Task objective: Each line in the records below, from the one that contains "blue paint brush on the blue background" to the one that contains "Samsung EC-I50ZZSBA/GB manual", should be reproduced exactly, the first and last included.

Data section:
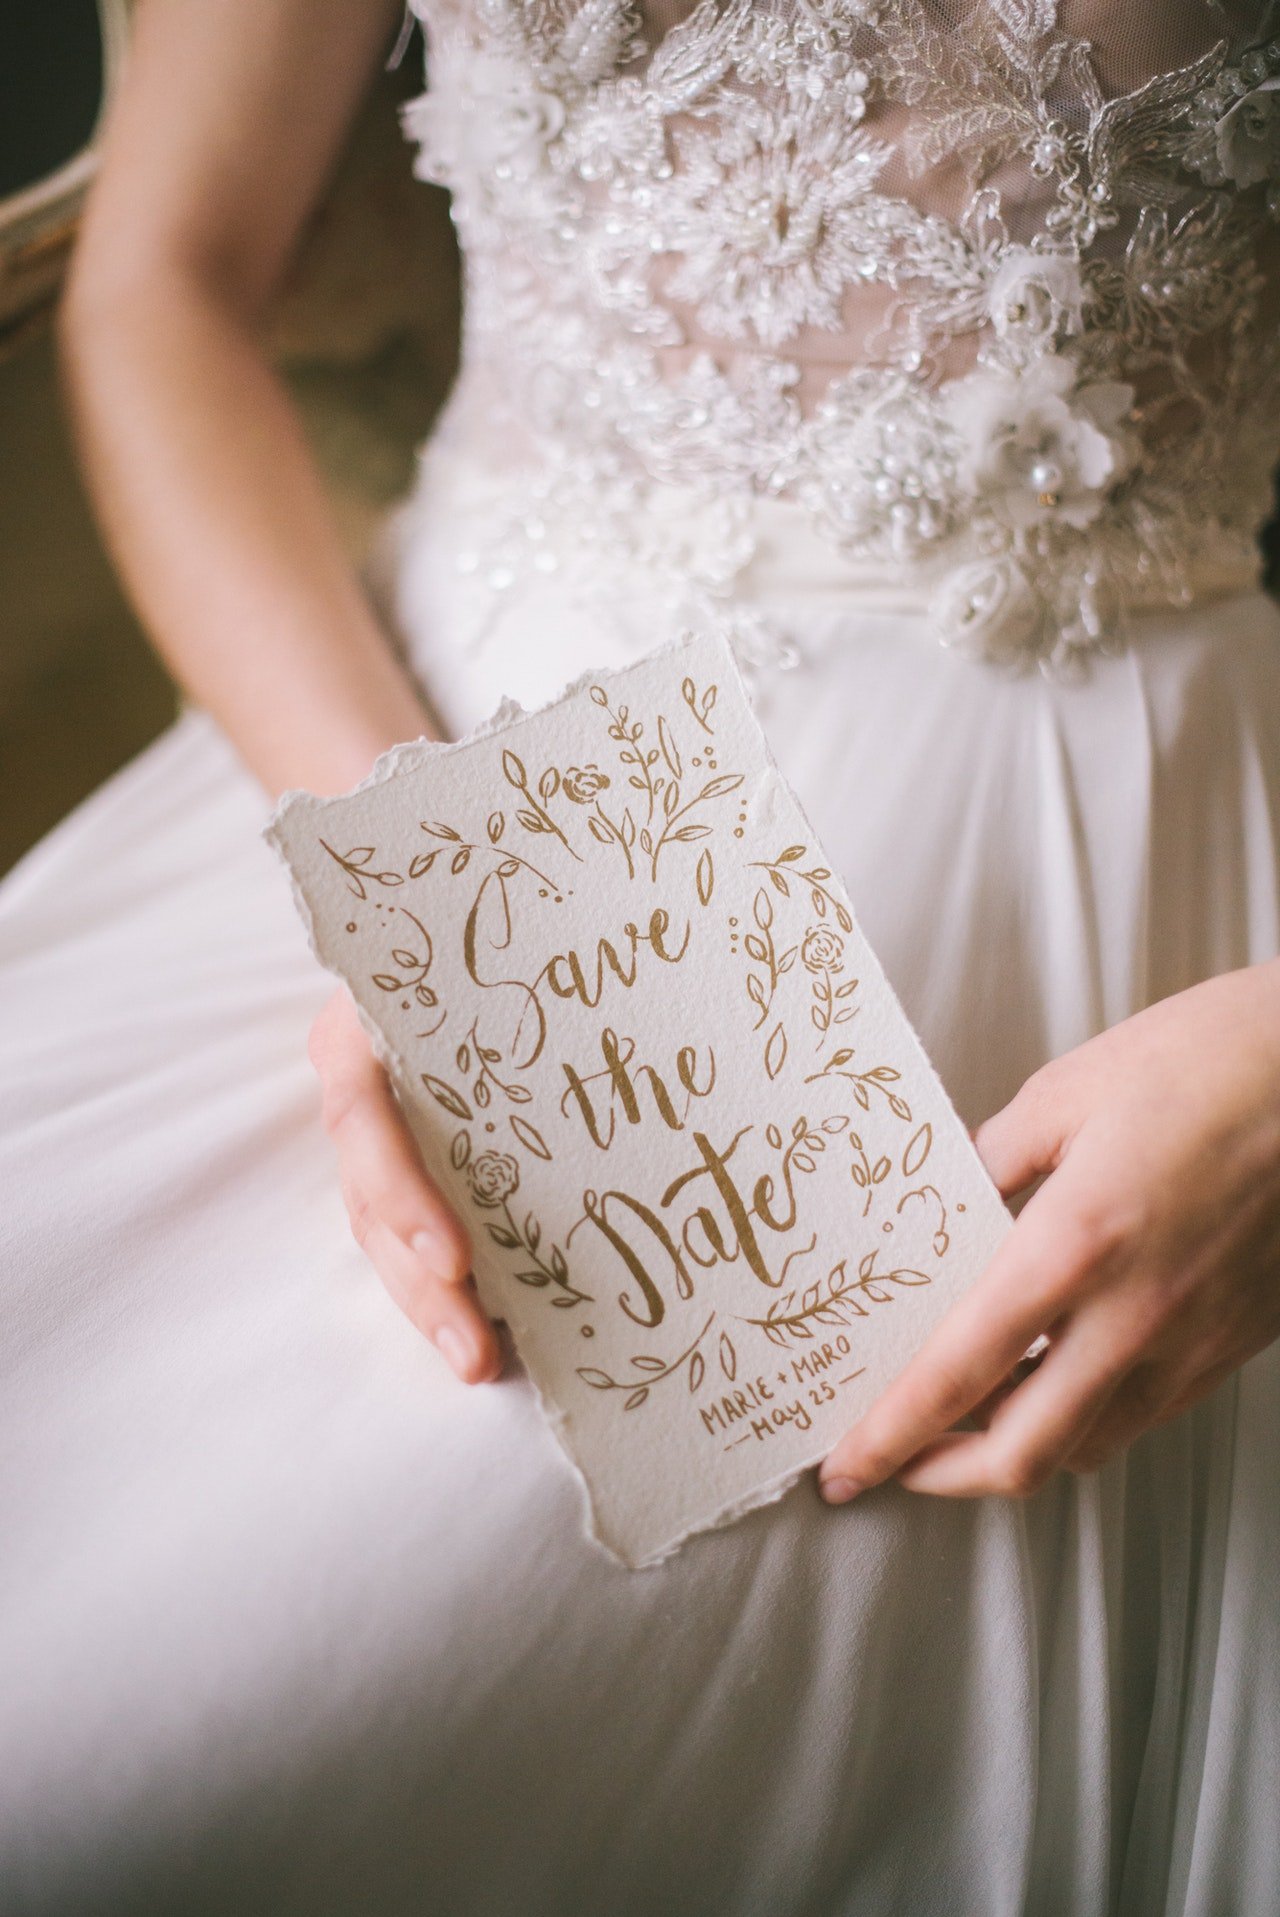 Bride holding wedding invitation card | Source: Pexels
* * *
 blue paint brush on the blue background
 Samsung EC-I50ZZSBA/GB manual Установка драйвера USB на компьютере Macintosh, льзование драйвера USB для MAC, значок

Result for this exercise:
 blue paint brush on the blue background
 Samsung EC-I50ZZSBA/GB manual Установка драйвера USB на компьютере Macintosh, льзование драйвера USB для MAC, значок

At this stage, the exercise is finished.